İstanbul Büyükşehir Belediye Başkanı Ekrem İmamoğlu ve yüze yakın çalışma arkadaşı hakkında 19 Mart’ta verilen tutuklama kararı, halkın geniş kesimlerinin hak taleplerini dile getirdiği bir dizi protestoya neden oldu.
19 Mart’tan beri çeşitli biçimlerde süregelen protestolarda en önde olanlar ise genellikle üniversite öğrencileri.
Üstelik öğrenciler, yalnızca fiziki olarak önde olmanın yanında, aldıkları kararlarla da muhalefeti ve hak talebini duyurmaya çalışan halkı etkiliyor.
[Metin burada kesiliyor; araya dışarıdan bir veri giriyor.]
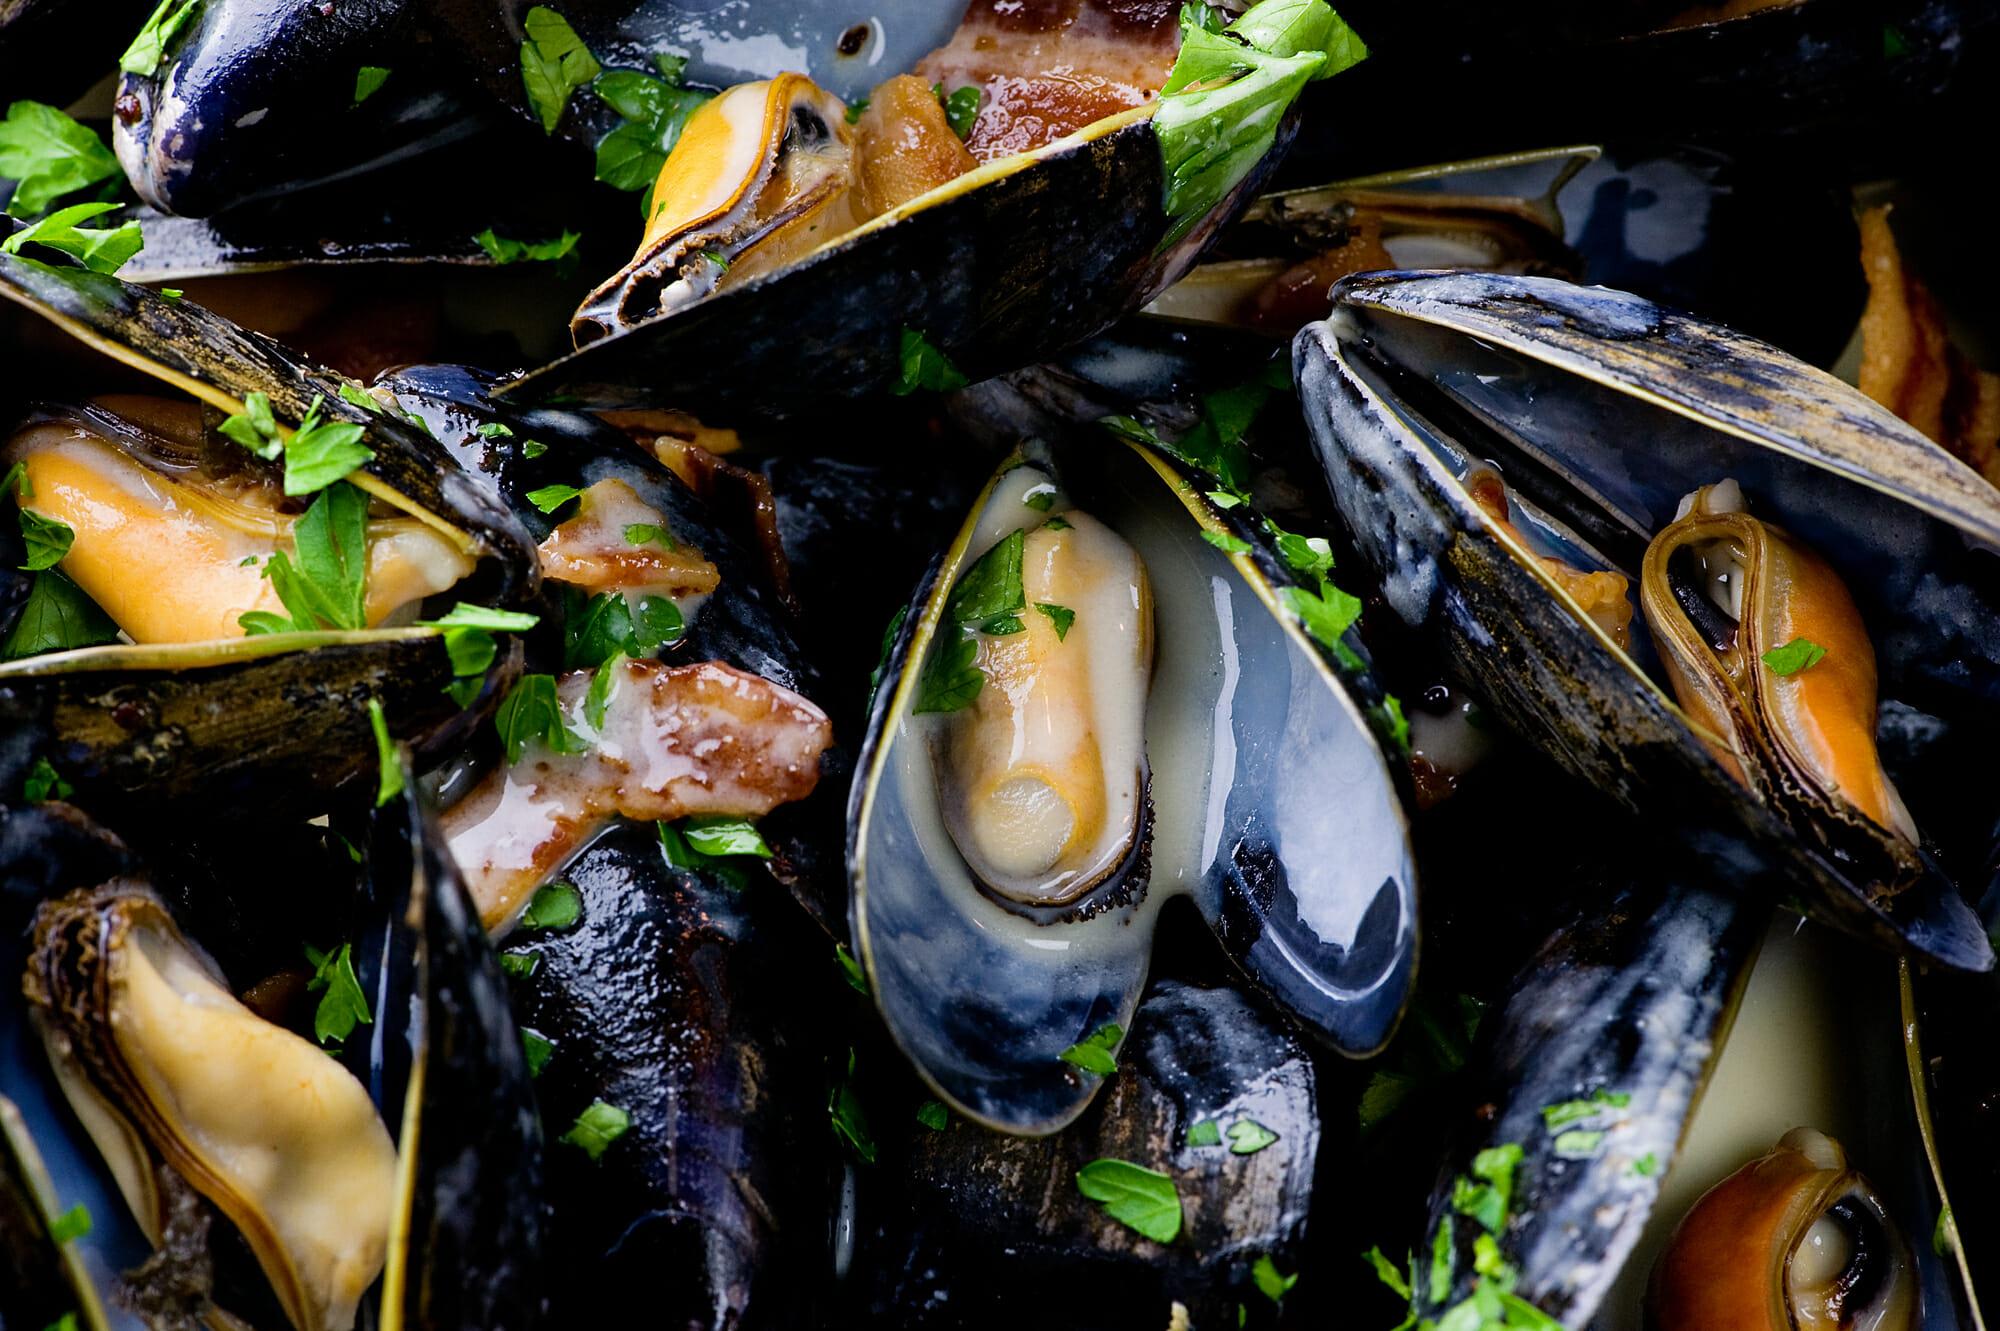 cider mussels

2 Nisan’da alınan ekonomik boykot kararı, üniversitelerden halka yayılan bir protesto biçimiydi. Ekonomik boykota ilaveten, hâlen akademik boykotu sürdüren üniversiteler de mevcut.
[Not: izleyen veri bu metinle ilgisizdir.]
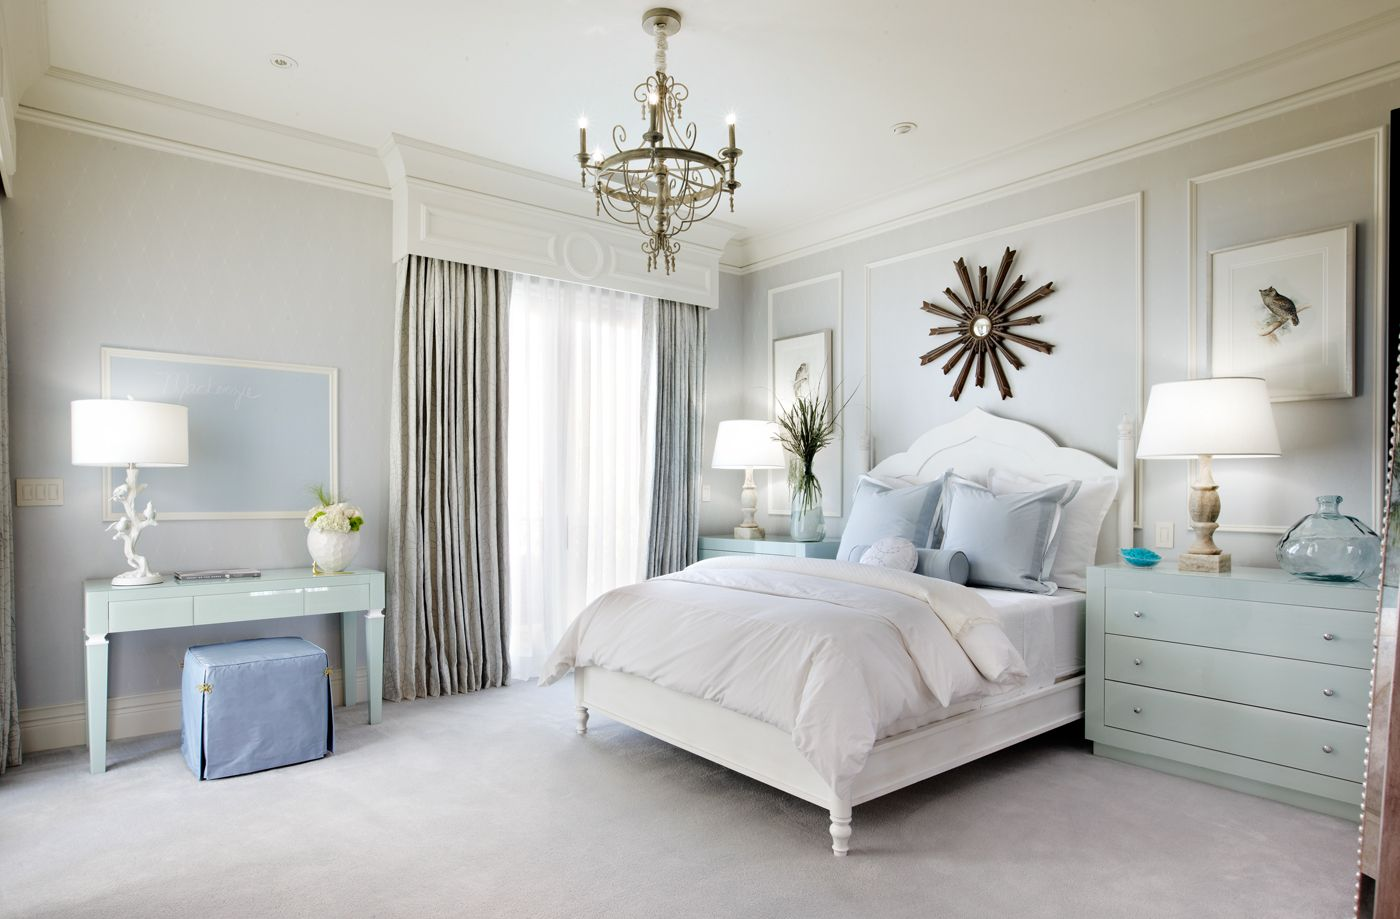 Blue And White Bedroom Design Impressive Tara Dudley Interiors  Wwwtaradudleyinteriors  Luxury Inspiration Design

Rektörlerinin Cumhurbaşkanınca atanması ve kampüslerinde “İşgal Kafe” ismini verdikleri mekanda gerçekleştirdikleri boykotla, Boğaziçi Üniversitesi zaten bir süredir eylemlerin ve boykotun adresiydi.
Boğaziçi Üniversitesi öğrencilerine, devam eden akademik ve ekonomik boykot hakkında ne düşündüklerini sorduk.
“CHP bizi takip ediyor”
Boğaziçi Üniversitesi Matematik Öğretmenliği bölümünde öğrenci, 20 yaşındaki Miraç, ekonomik boykot kararını etkili bulduklarını anlatıyor:
“Ekonomik boykotu etkili buluyorum. Bunu şöyle anlayabiliriz. Yıllar sonra iktidarın bakanları bizim sayemizde halkın arasına indiler, markette alışveriş yaptılar ve görüntü verdiler. 2 Nisan boykotunu aslında biz gençler, öğrenciler ortaya çıkardık. Cumhuriyet Halk Partisi buna sonradan destek verdi. CHP bizi takip ediyor demek yanlış olmaz.”
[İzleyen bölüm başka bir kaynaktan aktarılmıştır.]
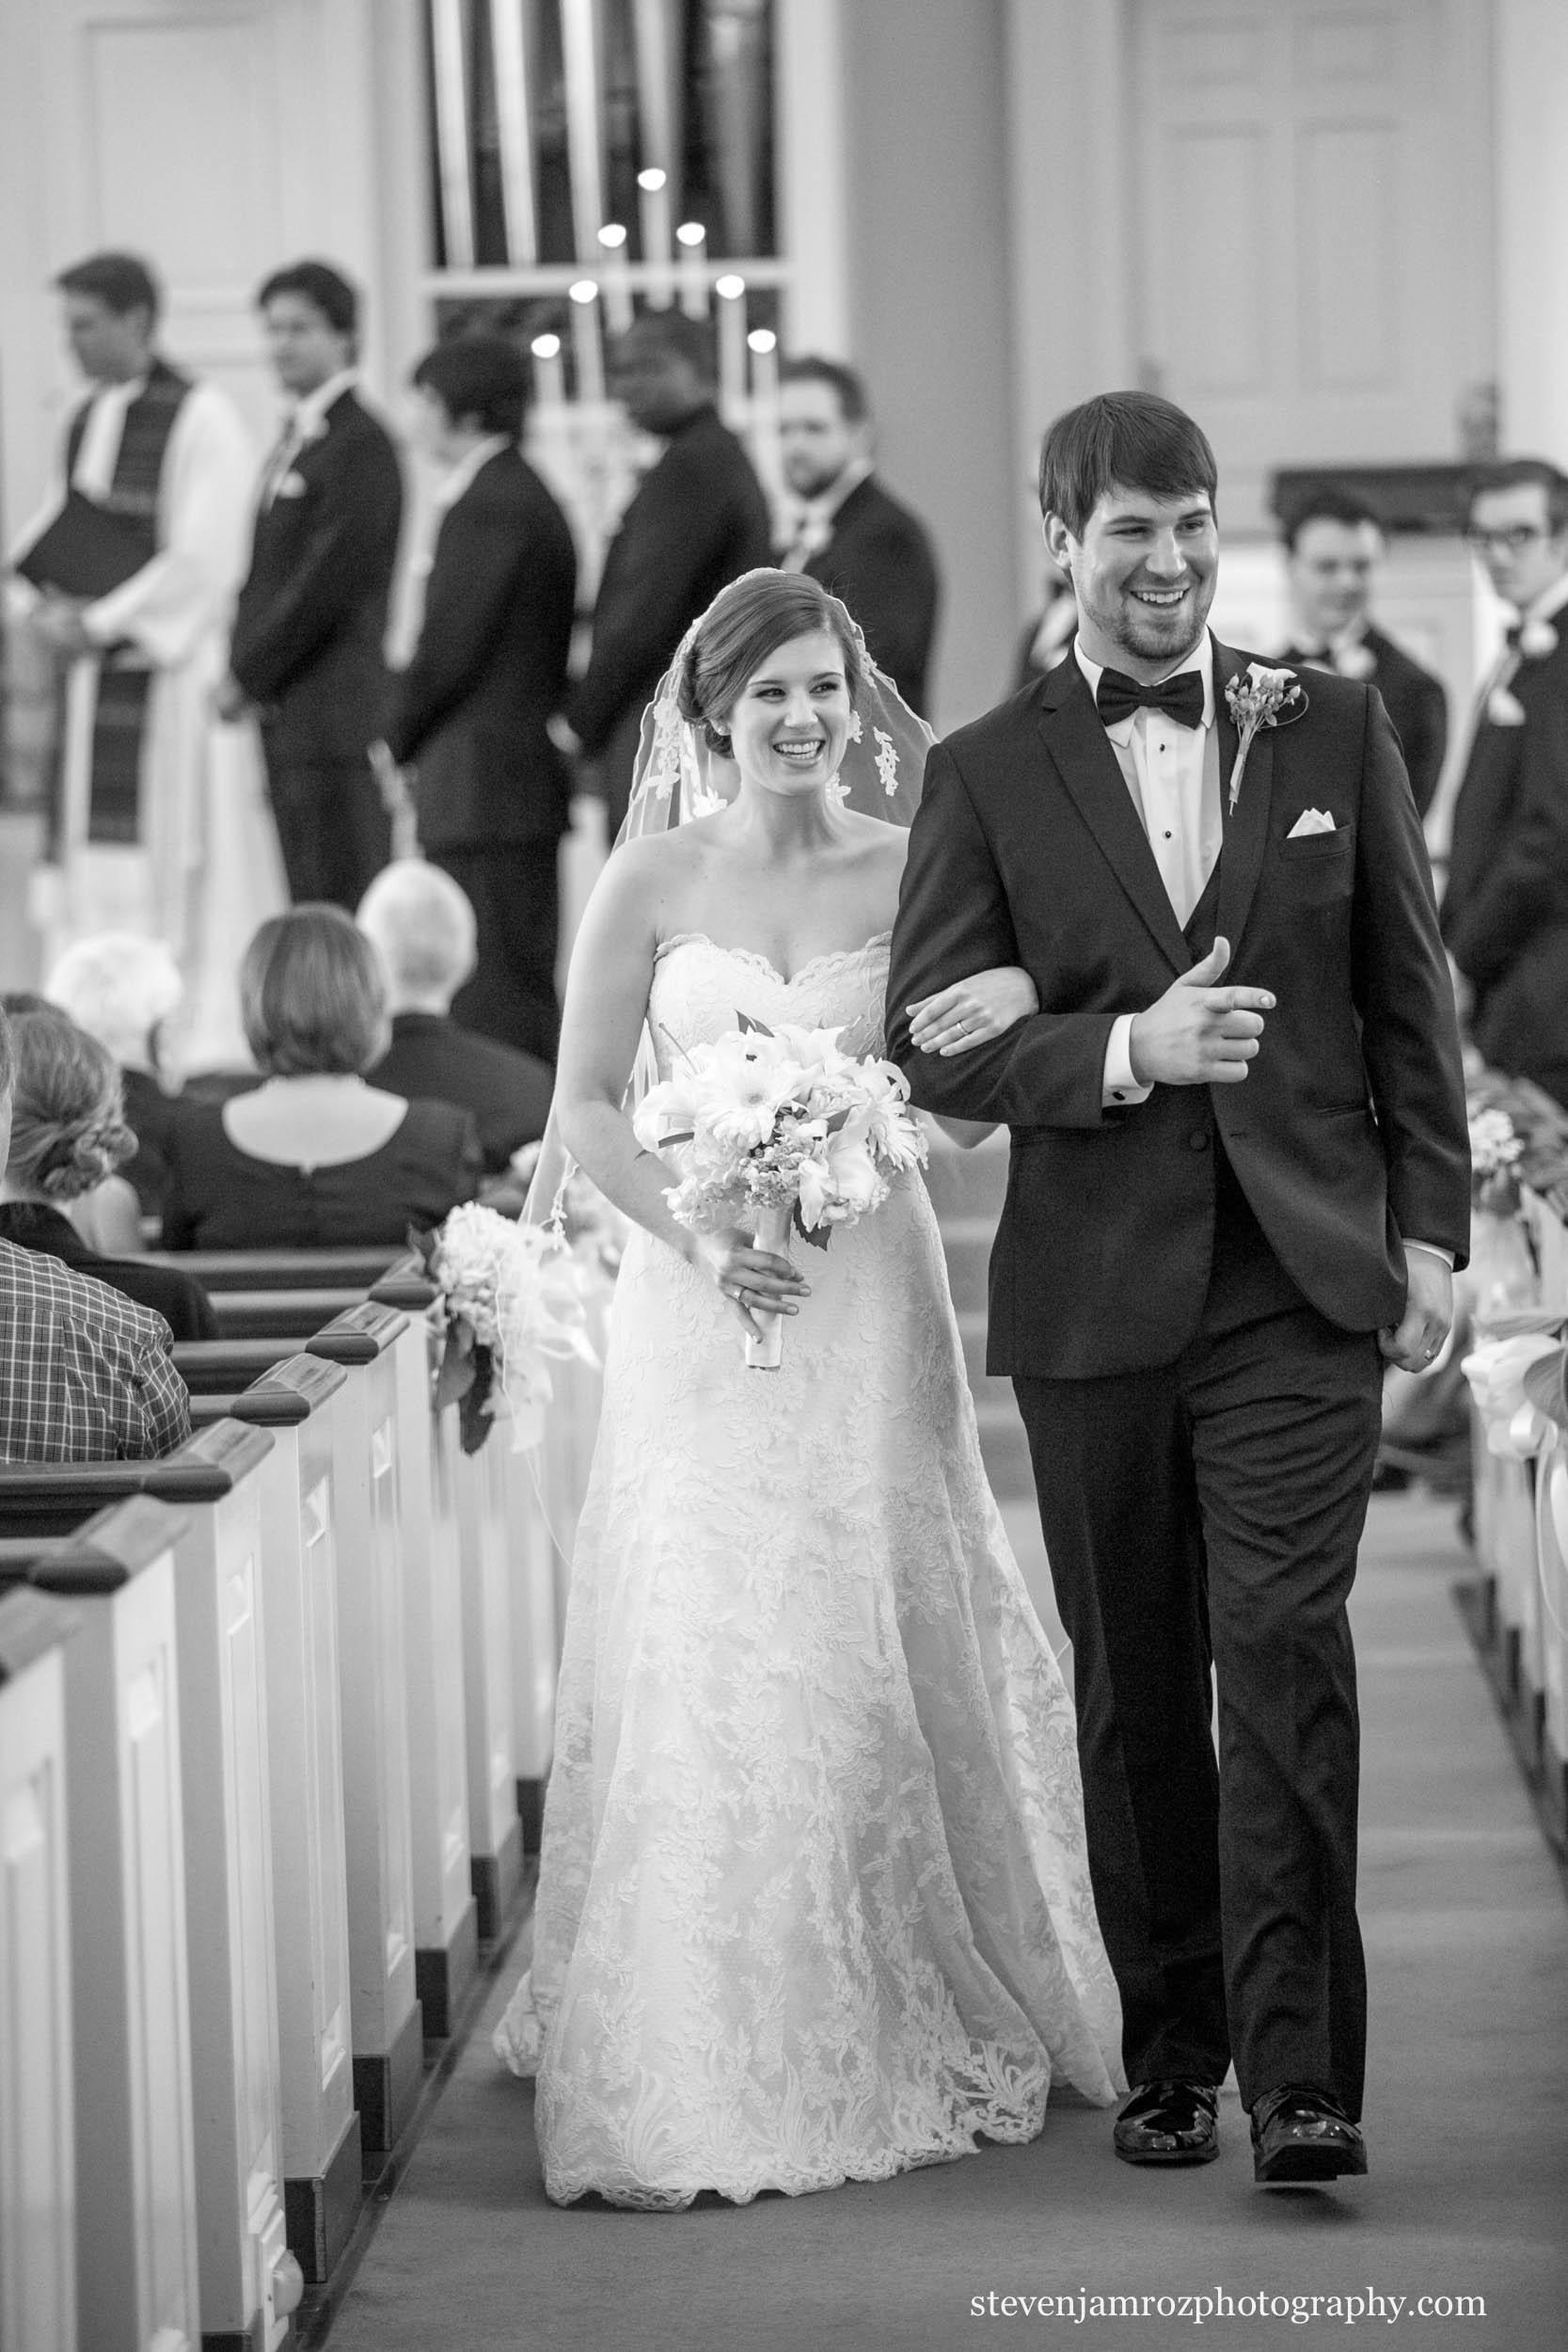 jones-chapel-meredith-recessional-wedding-steven-jamroz-photography-0740.jpg

Miraç, ekonomik boykotla taraflı sermayenin büyük bir darbe aldığını ve bunu devam ettirmenin faydalı olacağına inandığını da ekliyor:
“Ana muhalefetin genel başkanı Özgür Özel boykota desteğini açıkladıktan sonra tüm AKP kurmayları yandaş bir haber kanalına katılıp boykotu kötülemeye başlamışlardı ve bu boykotun ülke ekonomisine zarar vereceğini savunuyorlardı. Fakat ortada böyle bir durum yok. Biz boykotumuzla birlikte yandaş sermayeye zarar vermeye çalışıyoruz. Boykotun ülke geneline ulaştığını düşünüyorum. Muhalefetin bizim ardımızdan yaptığı boykot çağrısını faydalı da buluyorum. Türkiye geneline de bence yayıldı. Bunu böyle devam ettirip herkesin duymasını sağlayacağız. Muhalefetin bu desteğini de olumlu buluyorum. Kendi adıma onlara teşekkür ediyorum bizi takip ettikleri için. Buna devam etsinler, iyi olacaktır her şey. Dayanışmayla Boğaziçi Üniversitesini özgürleştireceğiz. Kabul etmiyoruz, vazgeçmiyoruz.”